Question

Determine if the following is convergent or divergent. Evaluate if possible

The intergral from 0 to infinite (s*e^5s) ds Determine if the following is convergent or divergent. Evaluate if possible

The intergral from 0 to infinite (s*e^5s) ds @Mathematics

Answer 1

without doing any integration, we can look at the function s*e^(5s) and see that it diverges \[\lim_{s \rightarrow \infty}se^{5s}=\infty\] By definition, "an integral of a divergent function is divergent," meaning that if you are adding up all the points, which is what integration is, towards infinity of points that would equal infinity, the integral diverges.

Answer 2

OOOOOOO ok

Answer 3

it is divergent

Answer 4

Thanks p-4 how would I evaluate the equation please

Answer 5

For most that wouldn't work though, and you would have to set your integral as \[\lim_{a \rightarrow \infty} \int\limits_{0}^{a}s*e^{5s}ds\] and solve (in this case by integration by parts and such), but since we know it is divergent, either you can't evaluate it, or it diverges, or it evaluates to infinity (all of which mean about the same thing).

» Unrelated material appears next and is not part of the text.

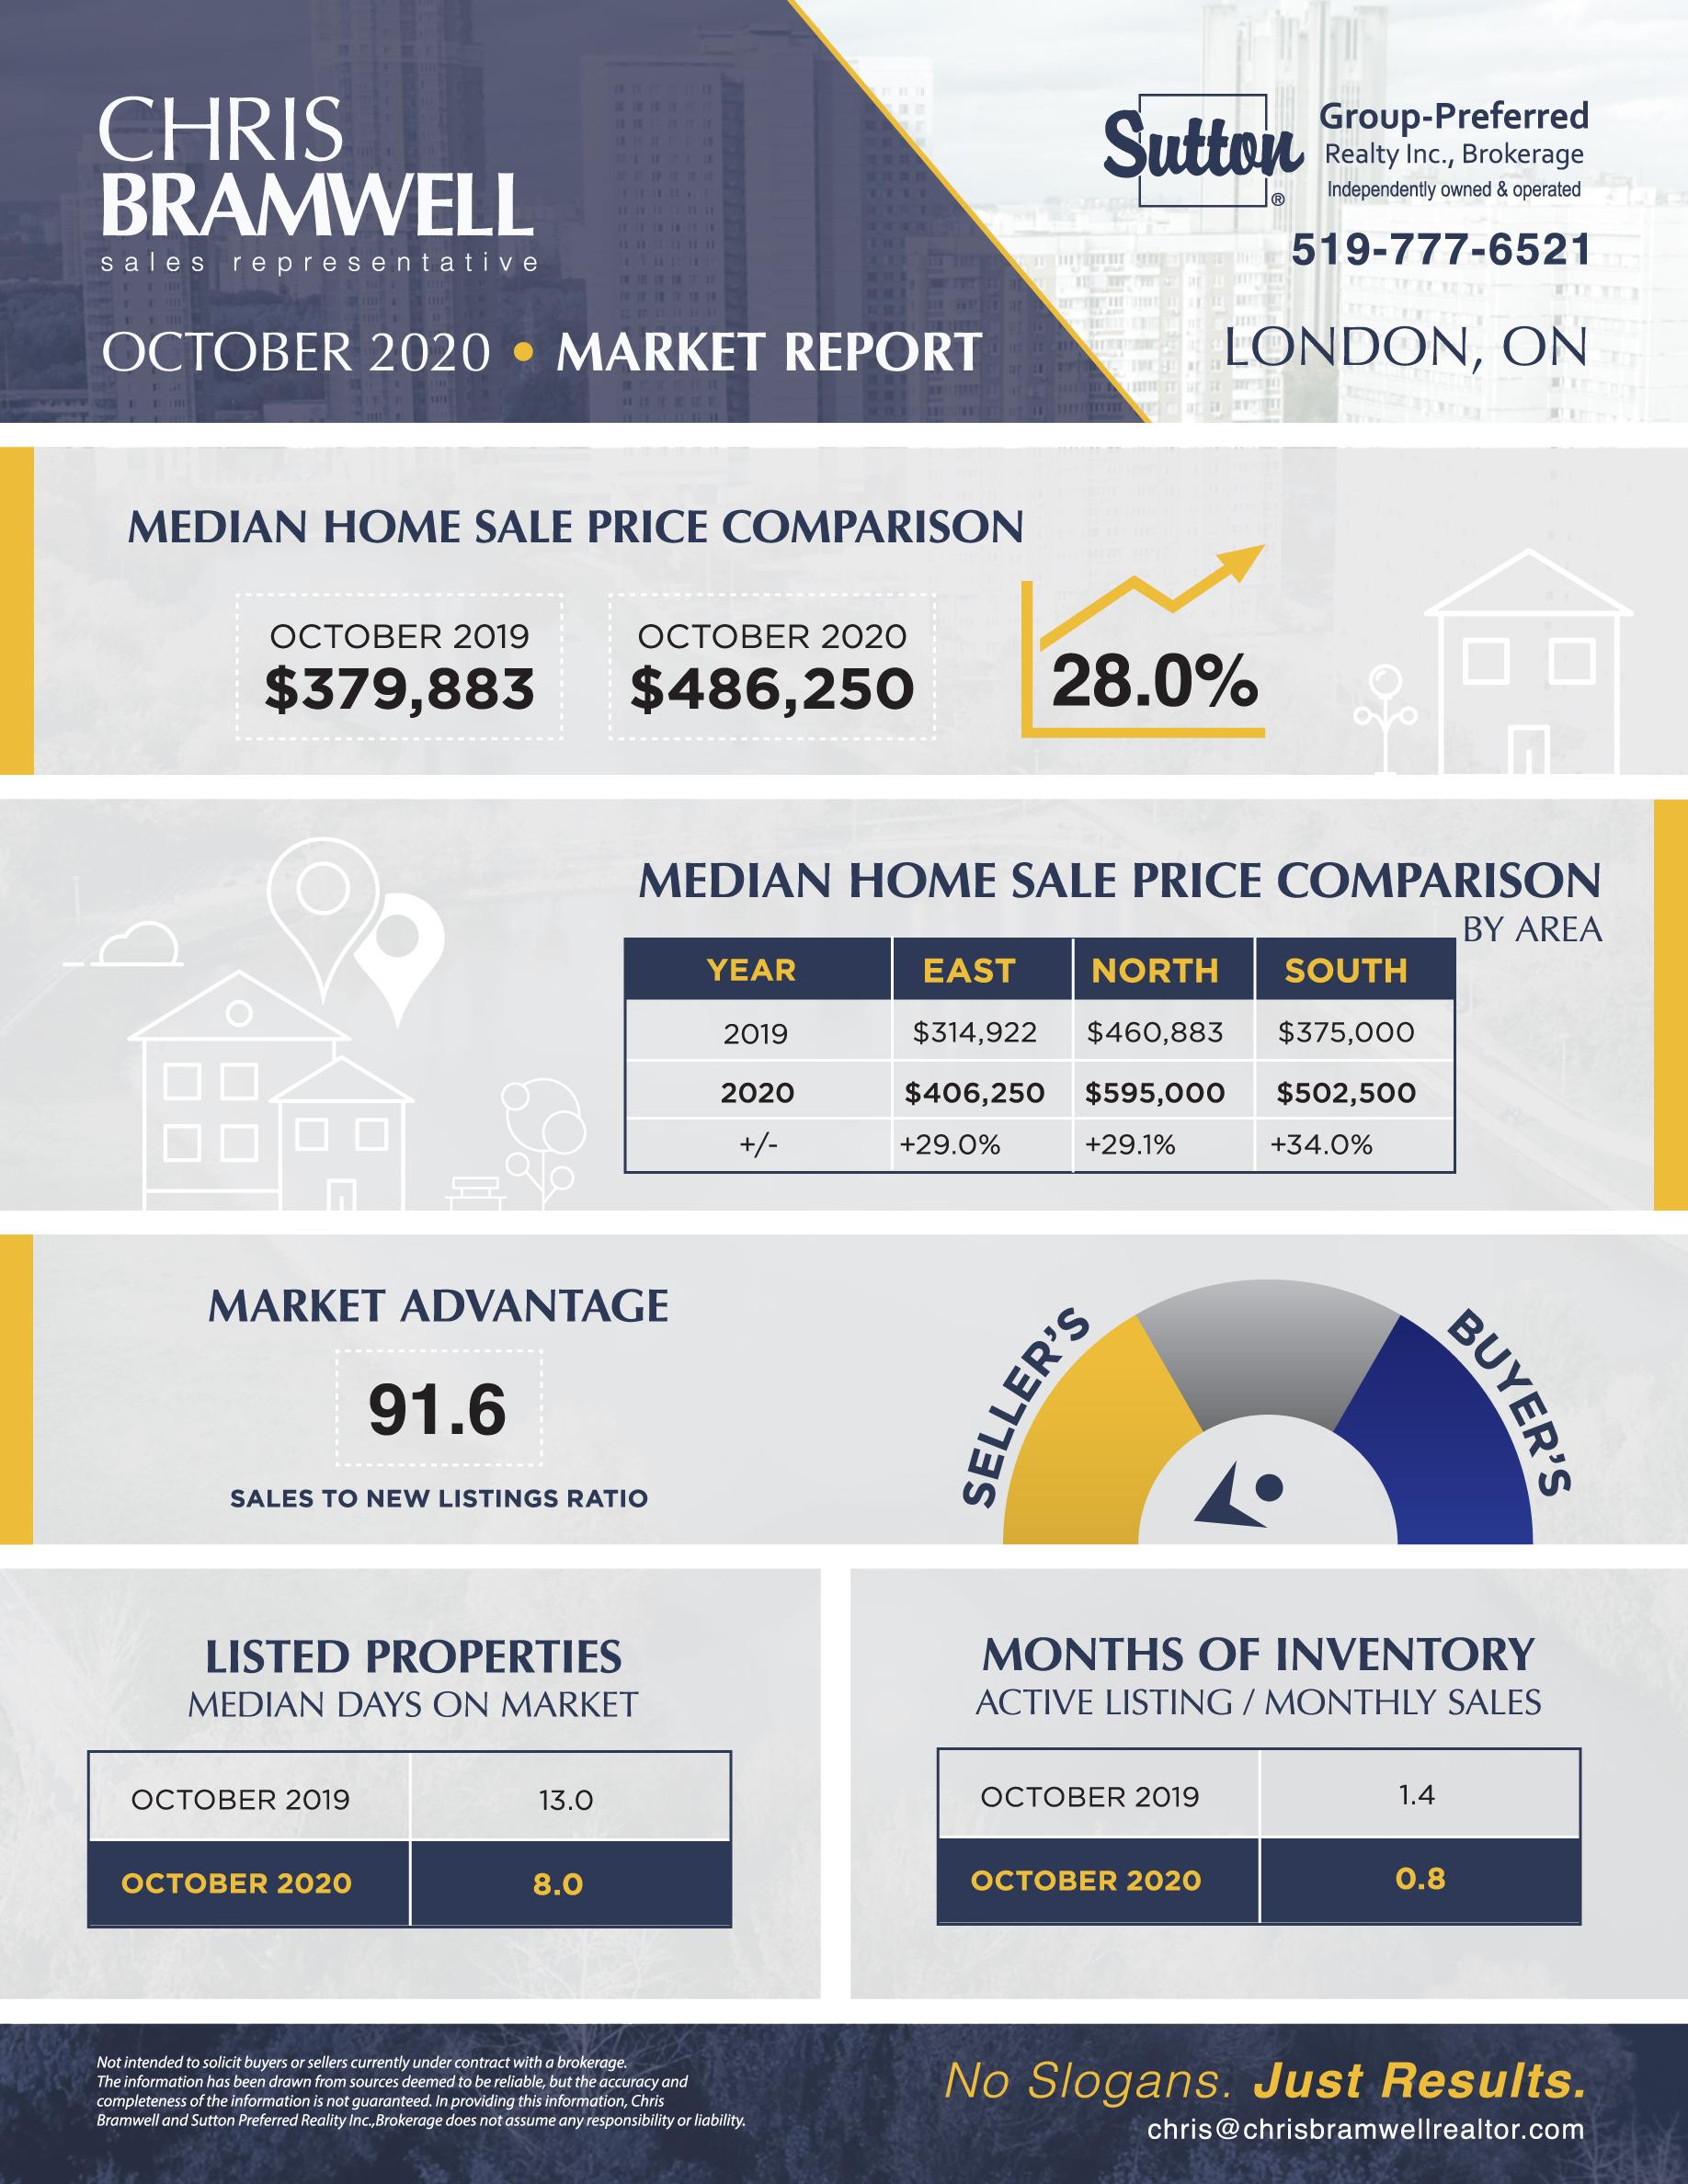 Chris Bramwell Market Report October 2020

\[\lim_{a \rightarrow \infty} \int\limits\limits_{0}^{a}s*e^{5s}ds=\lim_{a \rightarrow \infty}[(1/25)(5se^{5s}-e^{5s})]=\lim_{a \rightarrow \infty}(1/25)(5ae^{5a}-e^{5a}+1)\]\[=e^{\lim_{a \rightarrow \infty}\ln ((5a-1)(e^{5a}))}=e^{\lim_{a \rightarrow \infty}(\ln (5a-1))+5a}=e^{\infty}=\infty\]


Yeah, it is a slightly annoying limit to evaluate correctly.

Answer 6

\[\int\limits_{0}^{\infty}s\cdot e^{5s}ds>\int\limits_{1}^{\infty}s\cdot e^{5s}ds>\int\limits_{1}^{\infty}1ds=\infty\]

Answer 7

um... yeah, that works too XD the method i outline though can actually be used for all improper integrals, cause for some it isn't that simple.

Answer 8

but this one is that simple...so why make it harder.